> _What to produce_:
Set down the whole listing below exactly, without pictures.

> _Data shown_:
○ ○ ○ ○ ○ ○ ○
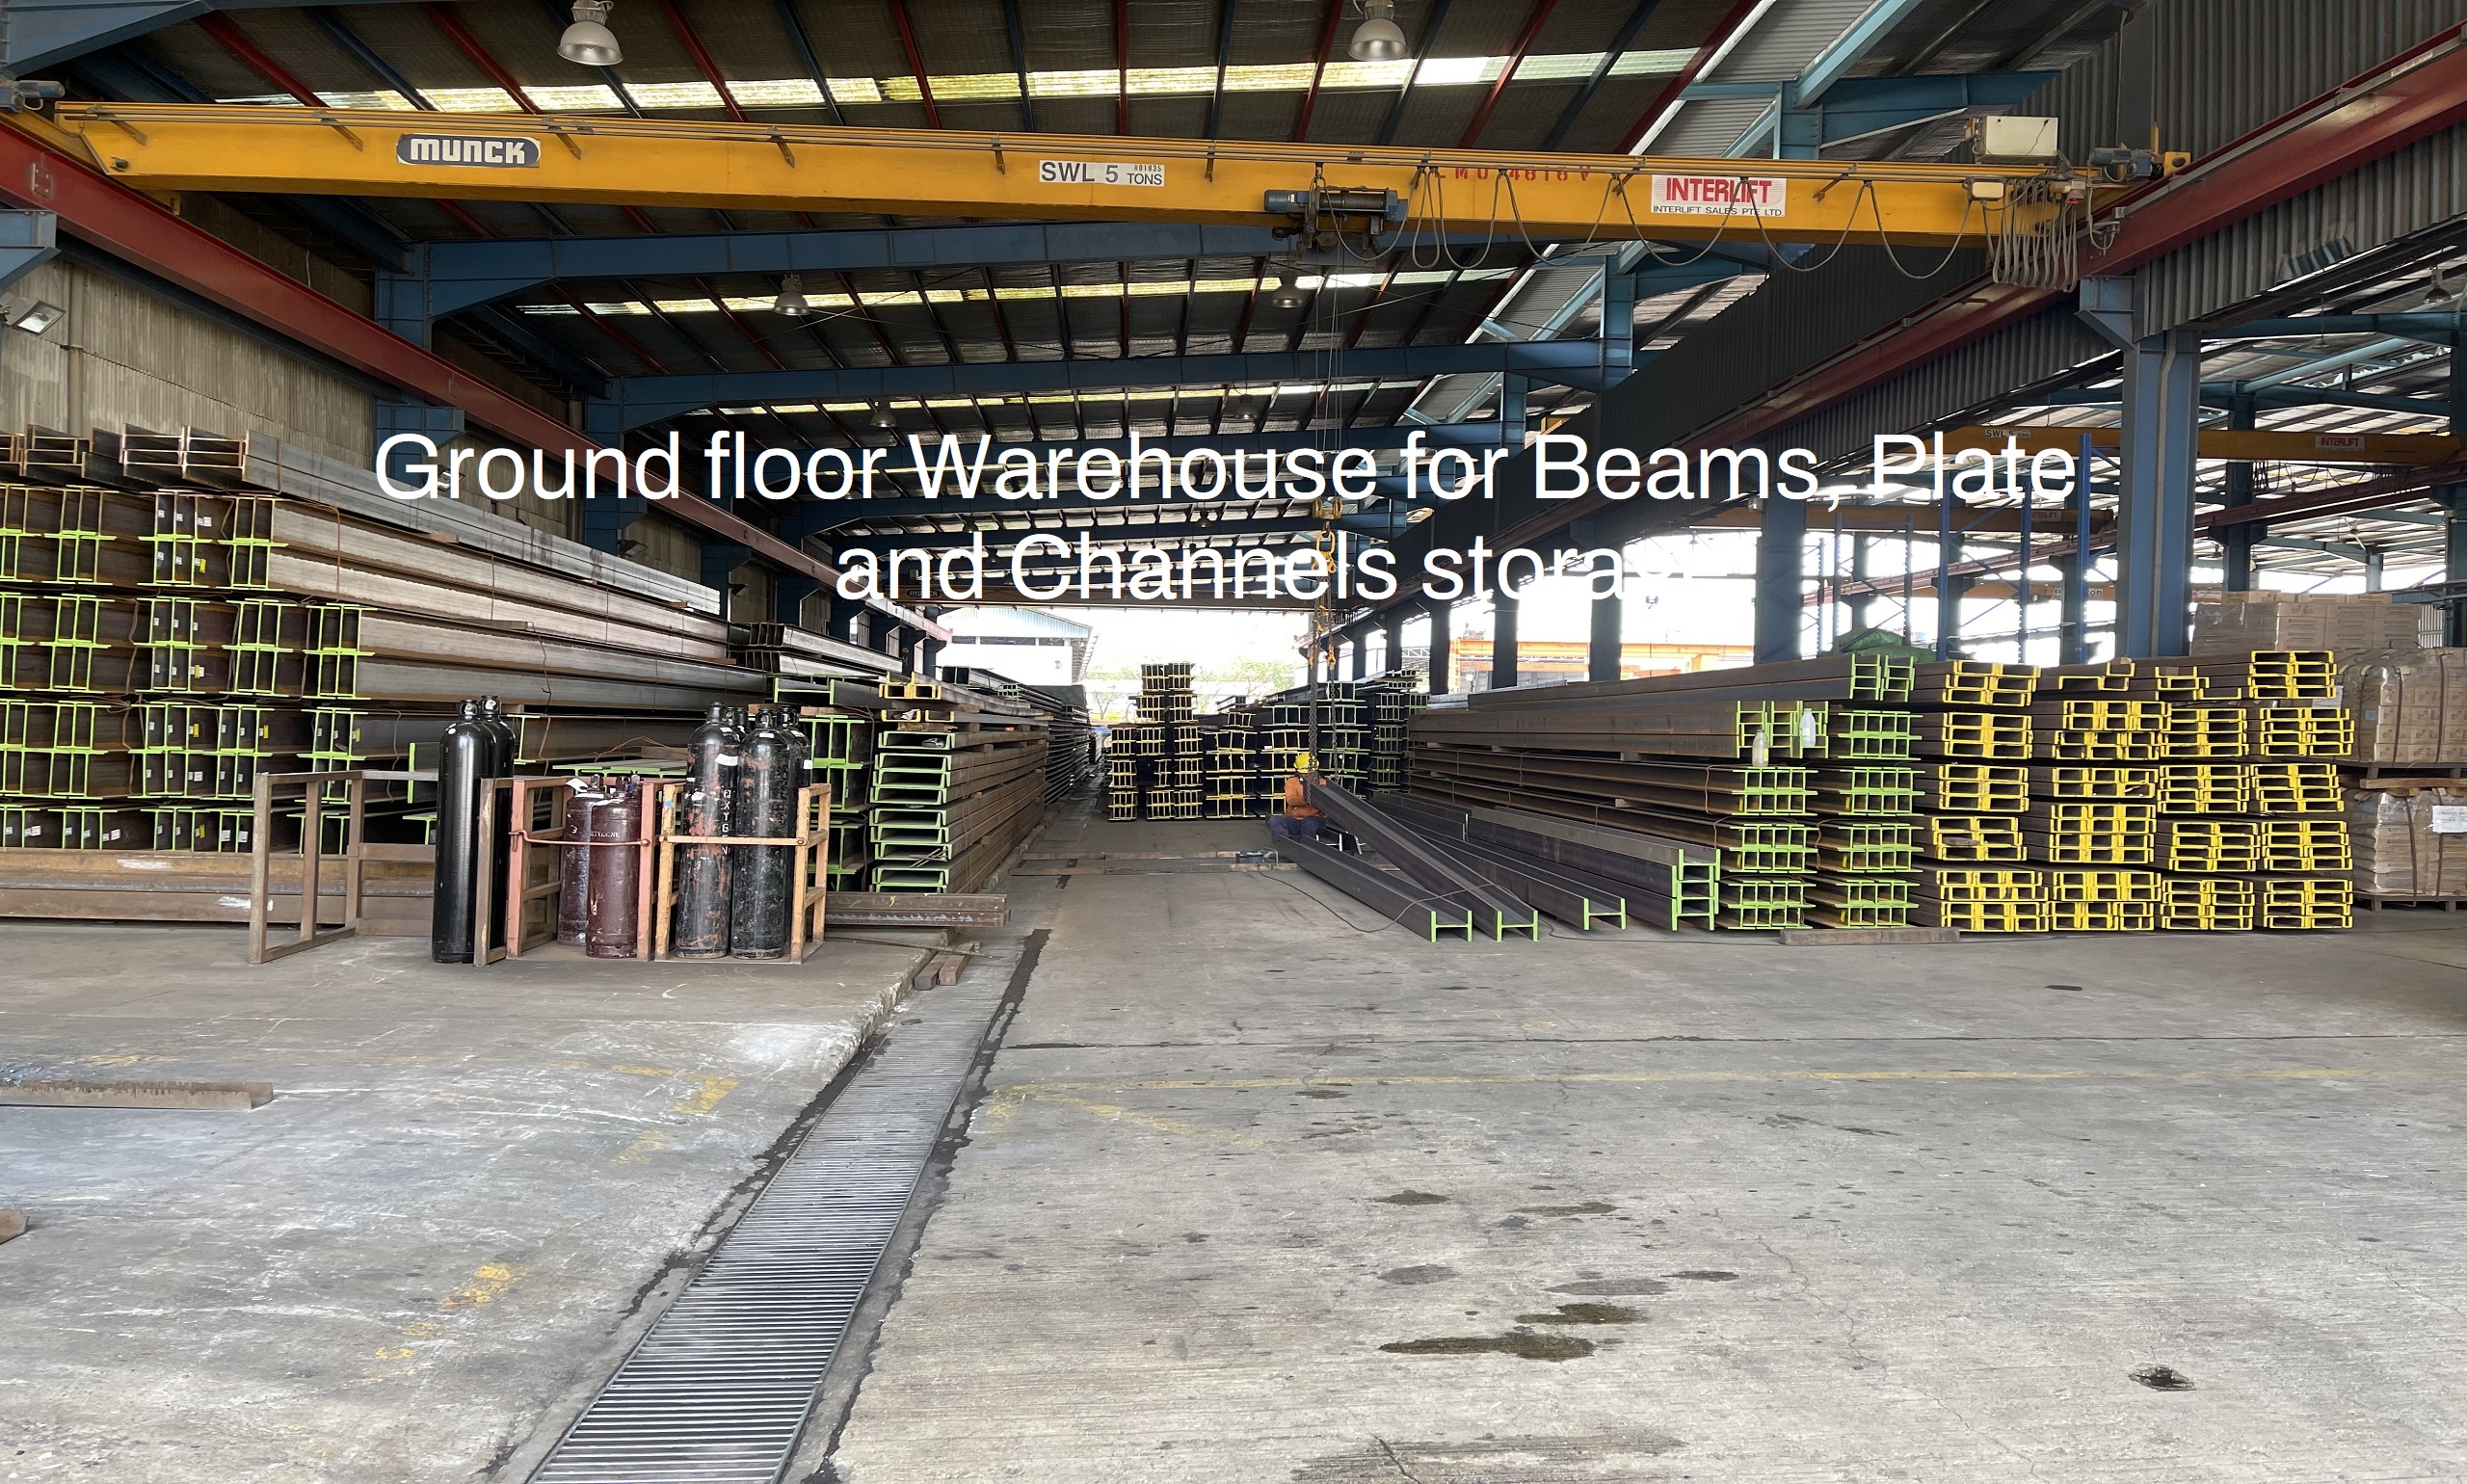 Ground floor Warehouse for Beams, Plate and Channels storage
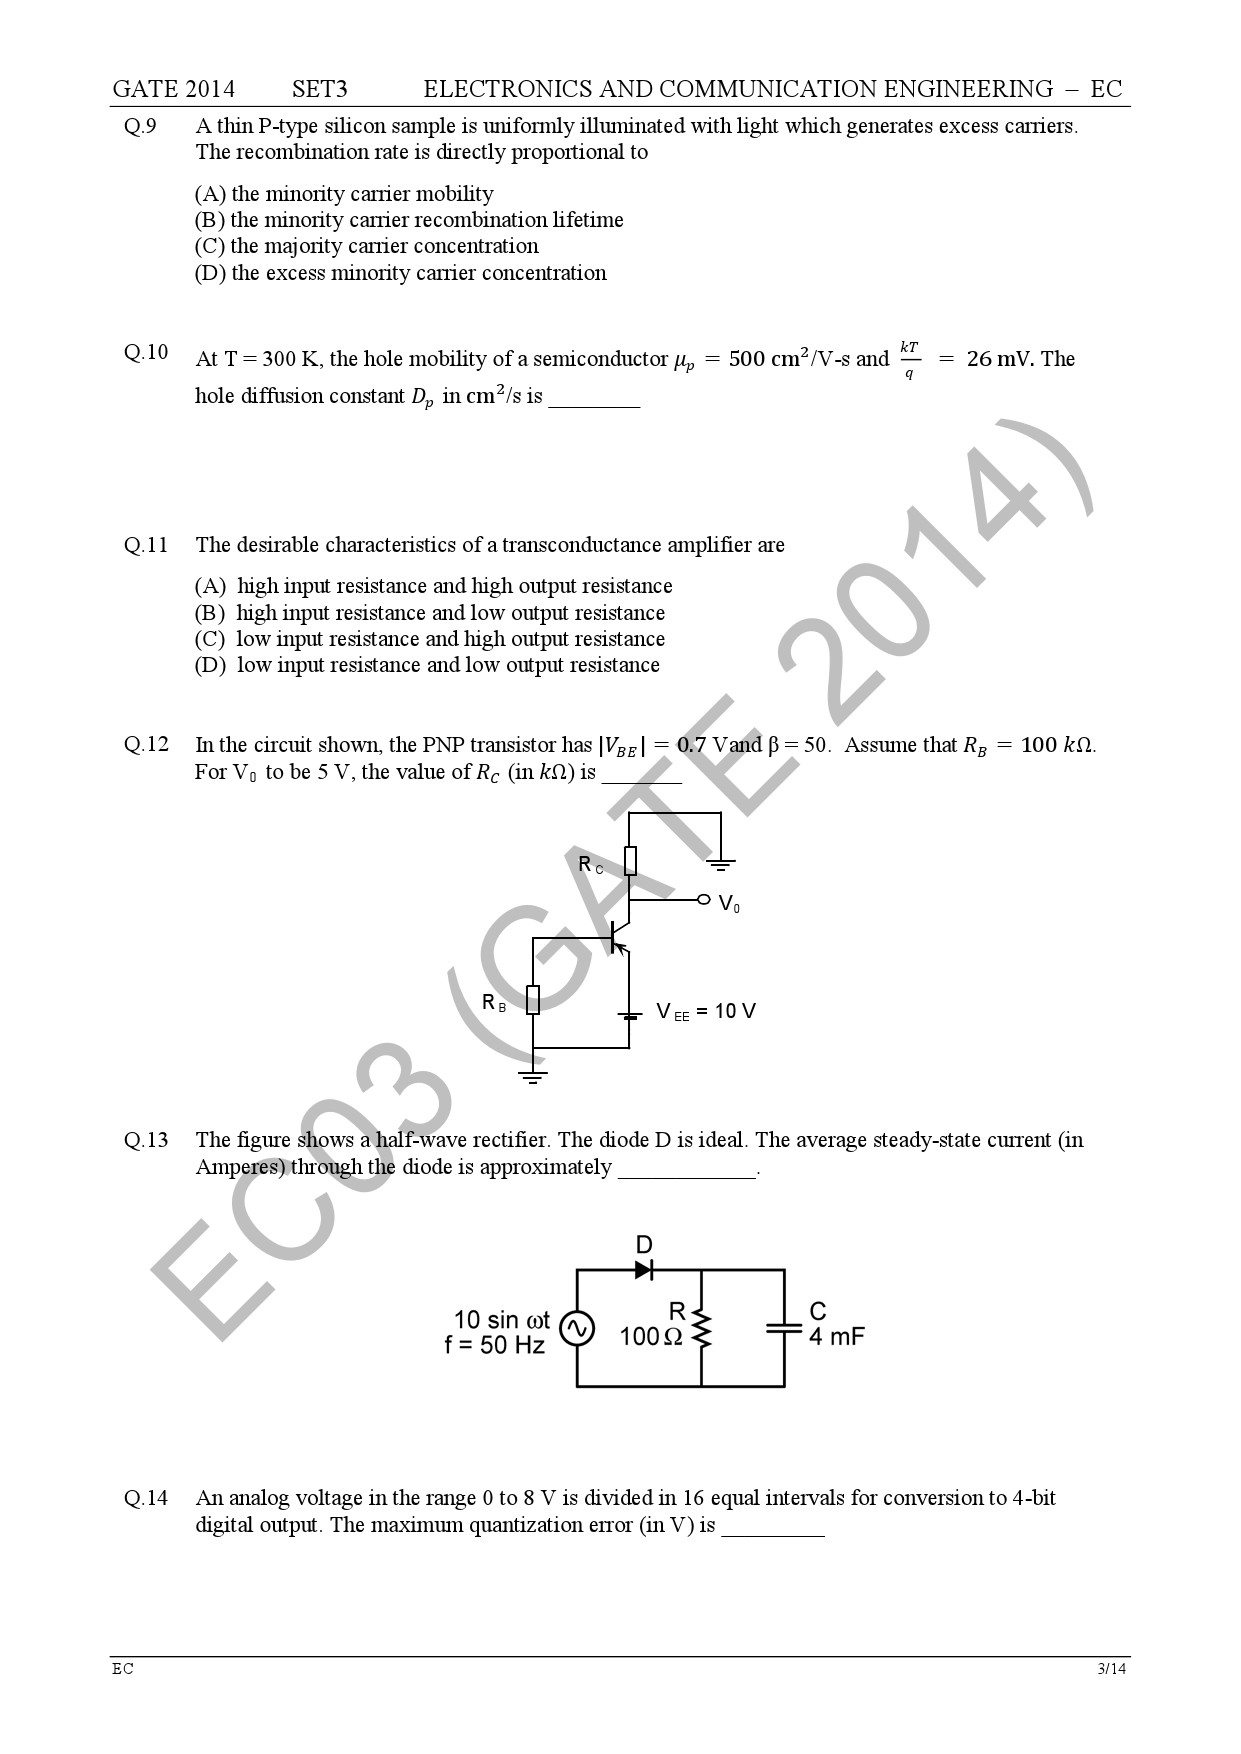 GATE Exam Question Paper 2014 Electronics and Communication Engineering Set 3 10
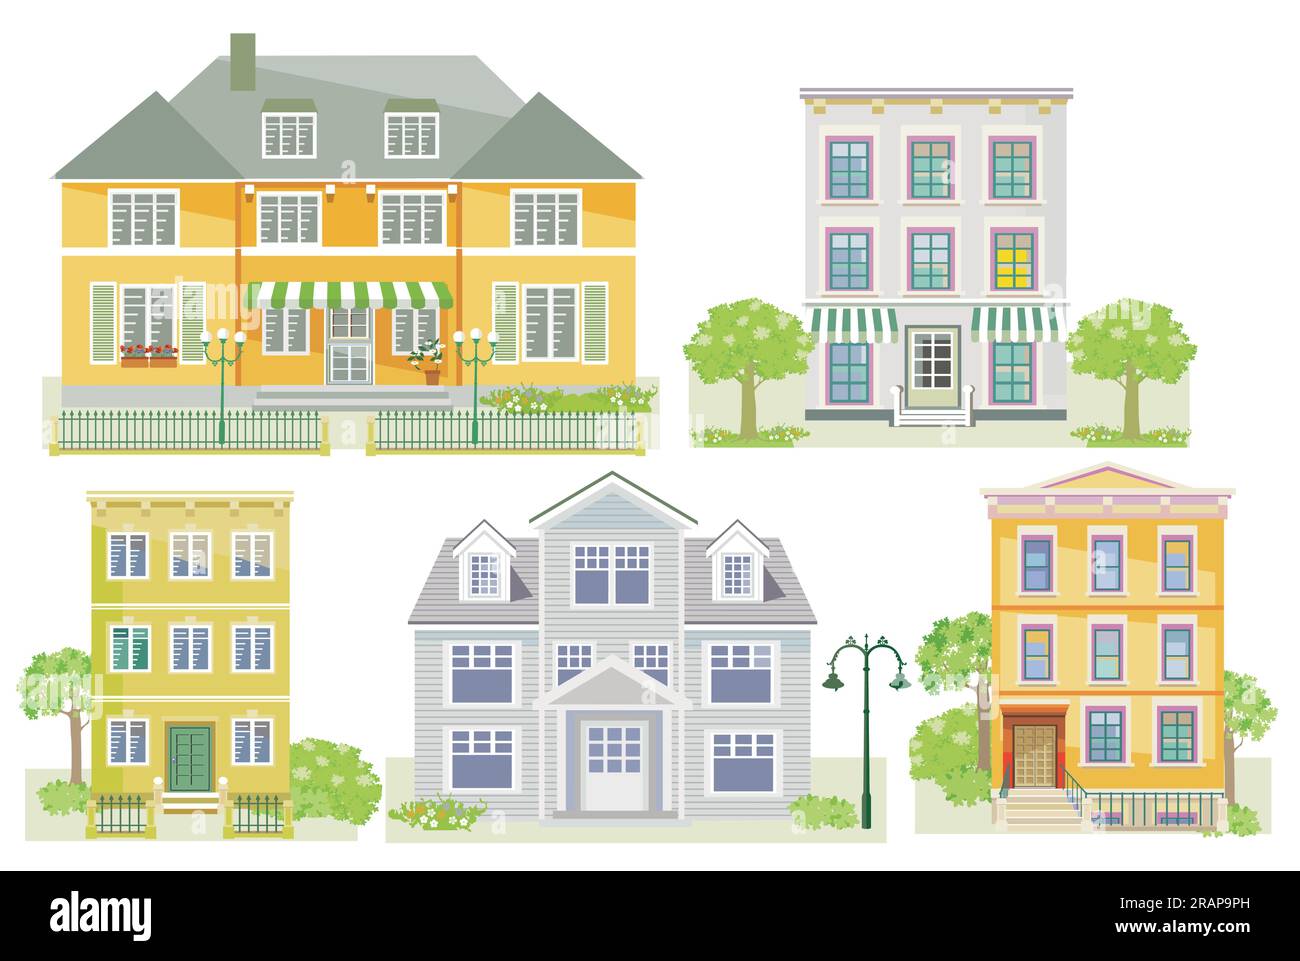 Set of houses and apartment buildings, country houses, wooden houses, family houses, isolated on white background. illustration Stock Vector
○ ○ ○ ○ ○ ○ ○
> _Task response_:
 Ground floor Warehouse for Beams, Plate and Channels storage
 GATE Exam Question Paper 2014 Electronics and Communication Engineering Set 3 10
 Set of houses and apartment buildings, country houses, wooden houses, family houses, isolated on white background. illustration Stock Vector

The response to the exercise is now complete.